Note that the above code gives you the values of the smallest and the largest, but it does not tell you the original "index" of the number that provided each value. It is not immediately clear whether it is really necessary. The text of your question says nothing about that, while the code sample you provided implements it. In any case, it is not difficult to update the above code to make it to "track" the origins of the numbers.

Answer 2

For absolute performance ie. Minimum comparisons and assignments.
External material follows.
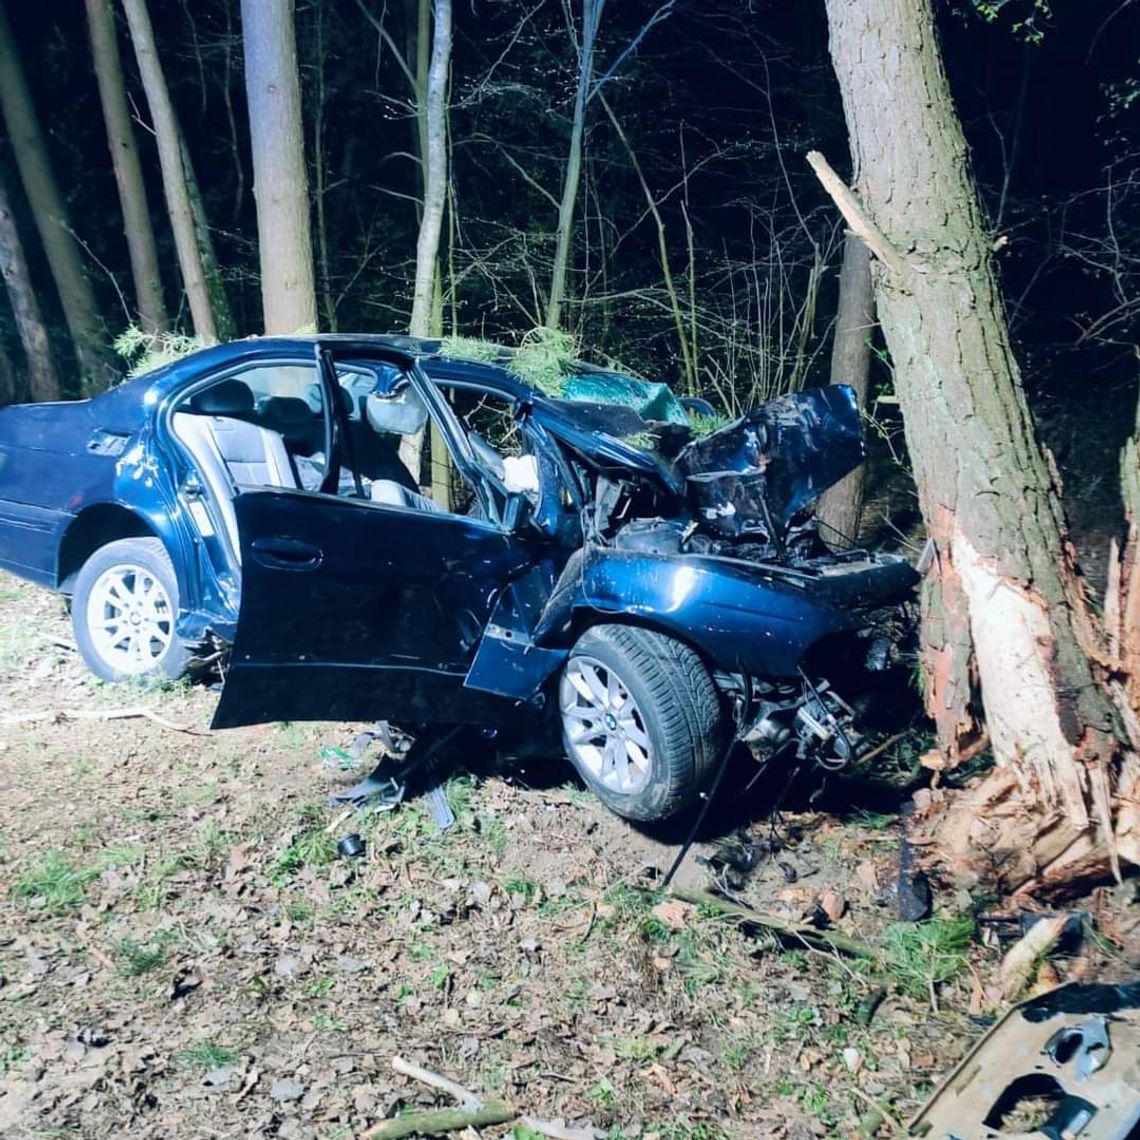 Rozpędzone BMW wbiło się w drzewo. Zginęło dwóch młodych mężczyzn, trzeci jest ciężko ranny

The comments at each level show the candidate values for min and max. The idea is to reduce the sets at each level until there is only one item for each set. This can be done with 4 comparisons and 2 assignments only.

        // min = a b c d
        // max = a b c d
        if (a <= b)
        {
            // min = a c d
            // max = b c d
            if ( c <= d){
                // min = a c
                // max = b d
                min = a <= c ? a : c;
                max = b > d ? b : d;
            }else{
                // min = a d
                // max = b c
                min = a <= d ? a : d;
                max = b > c ? b : c;
            }
        }
        else
        {
            // min = b c d
            // max = a c d
            if ( c <= d){
                // min = b c
                // max = a d
                min = b < c ? b : c;
                max = a > d ? a : d;
            }else{
                // min = b d
                // max = a c
                min = b < d ? b : d;
                max = a > c ? a : c;
            }
        }

Answer 3

We can make use of condition statements here.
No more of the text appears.